E para enaltecer ainda mais essa mulher extraordinária, Maya Angelou foi a primeira preta a se tornar roteirista e diretora em Hollywood. Uma artista polivalente, fez teatro, cinema, televisão, dança. Autora de livros de memórias e assessora de presidentes, brandiu a poesia como arma de luta. Maya Angelou foi uma gênia, ativista, poeta e mulher revolucionária.
A referência de Angelou para o título do livro baseou-se no poema “Sympathy”, de Paul Laurence Dunbar. A metáfora do pássaro engaiolado que cantana gaiola porque está com medo, de pássaros que “cantam sobre a liberdade” por detrás de “grades de raiva”. Ademais, a proposta oferecida pelo livro da Doutora Maya Angelou não se trata apenas de superação, propõe, acima de tudo, uma redefinição dos nossos conceitos aceitando as marcas que a vida nos deixou, usando-as para compor o futuro de forma cônscia.
Maya Angelou faleceu em 28 de maio de 2014. Tinha 86 anos, e mesmo com estado de saúde frágil, que a obrigara a cancelar aparições públicas, ela nunca parou. Na referida data ela estava trabalhando em um novo livro sobre suas experiências com líderes nacionais e mundiais.
Por fim, nas minhas pesquisas sobre a vida de Maya Angelou encontrei um poema belíssimo, publicado em 1978, “Still I Rise” (Ainda assim eu me levanto). É considerado um dos poemas mais influentes, inspirando diversas pessoas. Um verdadeiro hino à resiliência e à dignidade.

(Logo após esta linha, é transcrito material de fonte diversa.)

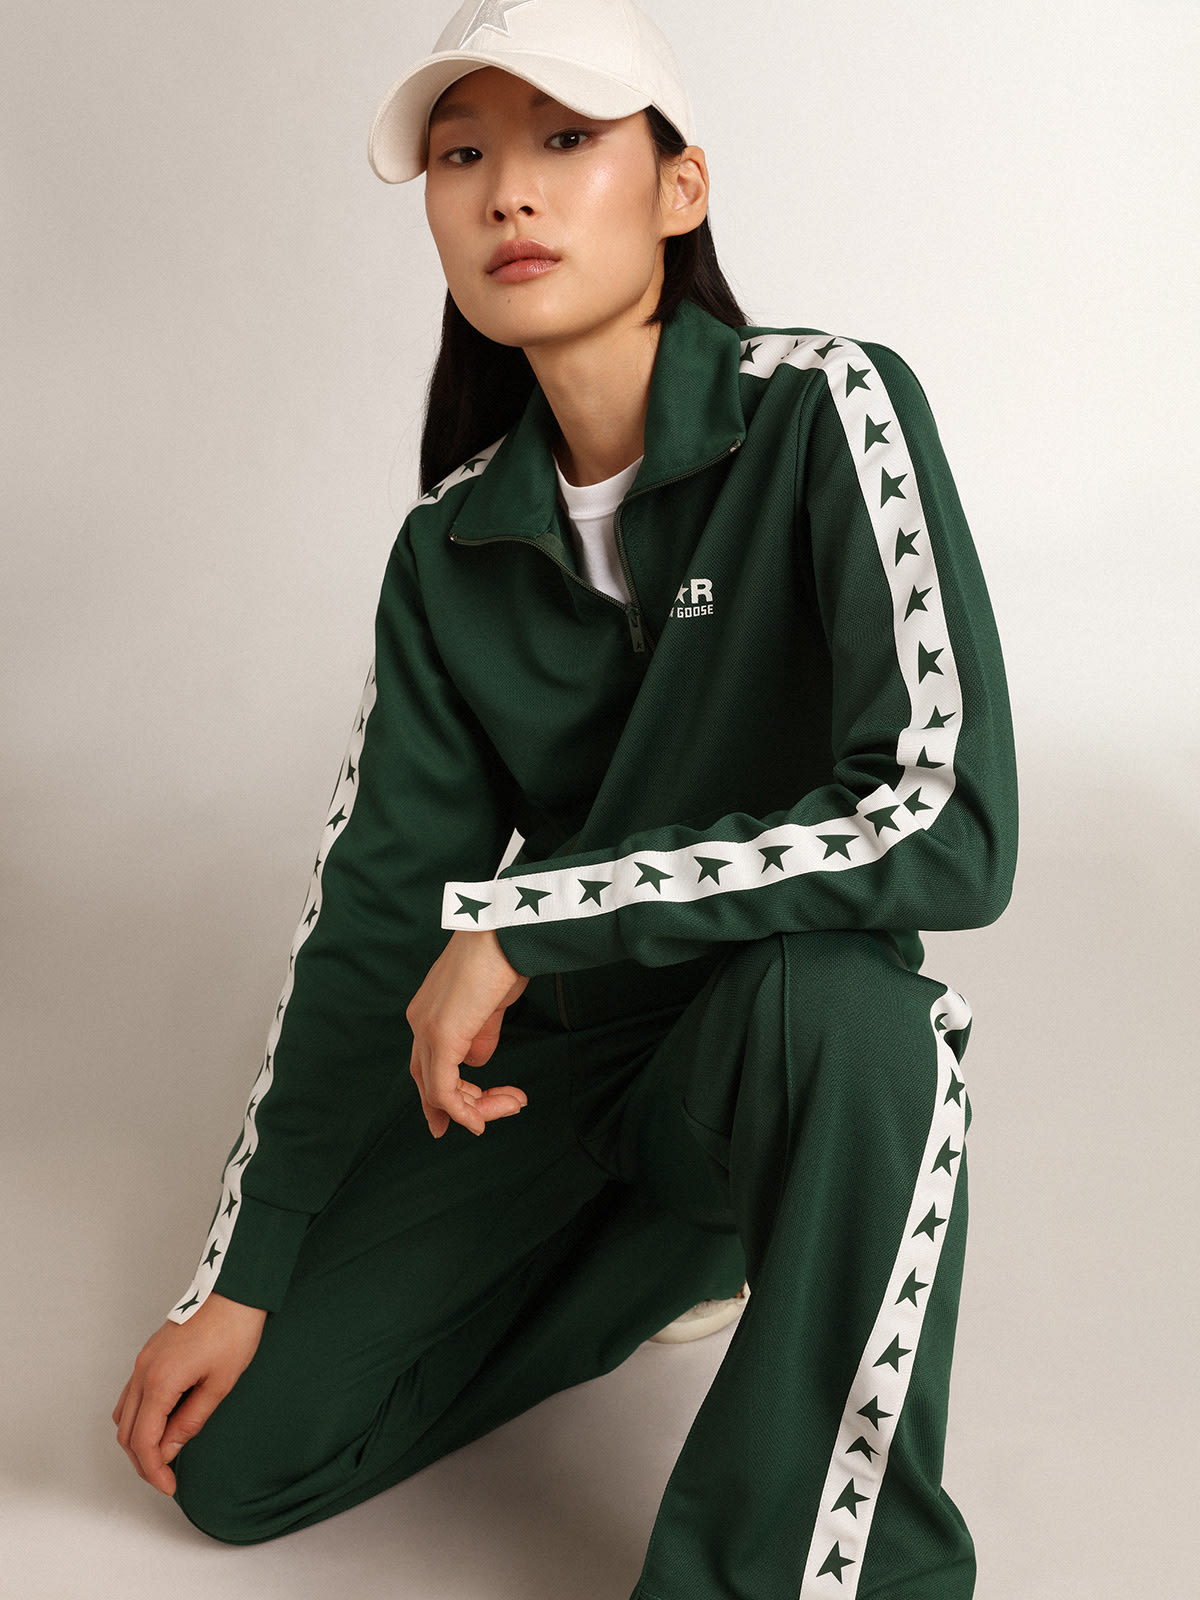 Golden Goose - Women’s green zipped sweatshirt with white strip and contrasting stars in

"Ainda assim eu me levanto
Você pode me riscar da História
Com mentiras lançadas ao ar.
Pode me jogar contra o chão de terra,
Mas ainda assim, como a poeira, eu vou me levantar.
Minha presença o incomoda?
Por que meu brilho o intimida?
Porque eu caminho como quem possui
Riquezas dignas do grego Midas.
Como a lua e como o sol no céu,
Com a certeza da onda no mar,
Como a esperança emergindo na desgraça,
Assim eu vou me levantar.
Você não queria me ver quebrada?
Cabeça curvada e olhos para o chão?
Ombros caídos como as lágrimas,
Minh’alma enfraquecida pela solidão?
Meu orgulho o ofende?
Tenho certeza que sim
Porque eu rio como quem possui
Ouros escondidos em mim.
Pode me atirar palavras afiadas,
Dilacerar-me com seu olhar,
Você pode me matar em nome do ódio,
Mas ainda assim, como o ar, eu vou me levantar.
Minha sensualidade incomoda?
Será que você se pergunta
Por que eu danço como se tivesse
Um diamante onde as coxas se juntam?
Da favela, da humilhação imposta pela cor
Eu me levanto
De um passado enraizado na dor
Eu me levanto
Sou um oceano negro, profundo na fé,
Crescendo e expandindo-se como a maré.
Deixando para trás noites de terror e atrocidade
Eu me levanto
Em direção a um novo dia de intensa claridade
Eu me levanto
Trazendo comigo o dom de meus antepassados,
Eu carrego o sonho e a esperança do homem escravizado.
E assim, eu me levanto
Eu me levanto
Eu me levanto.".
Angelou, Maya. Eu sei por que o pássaro canta na gaiola; tradução Paula Rosas – Rio de Janeiro: José Olympio, 1996.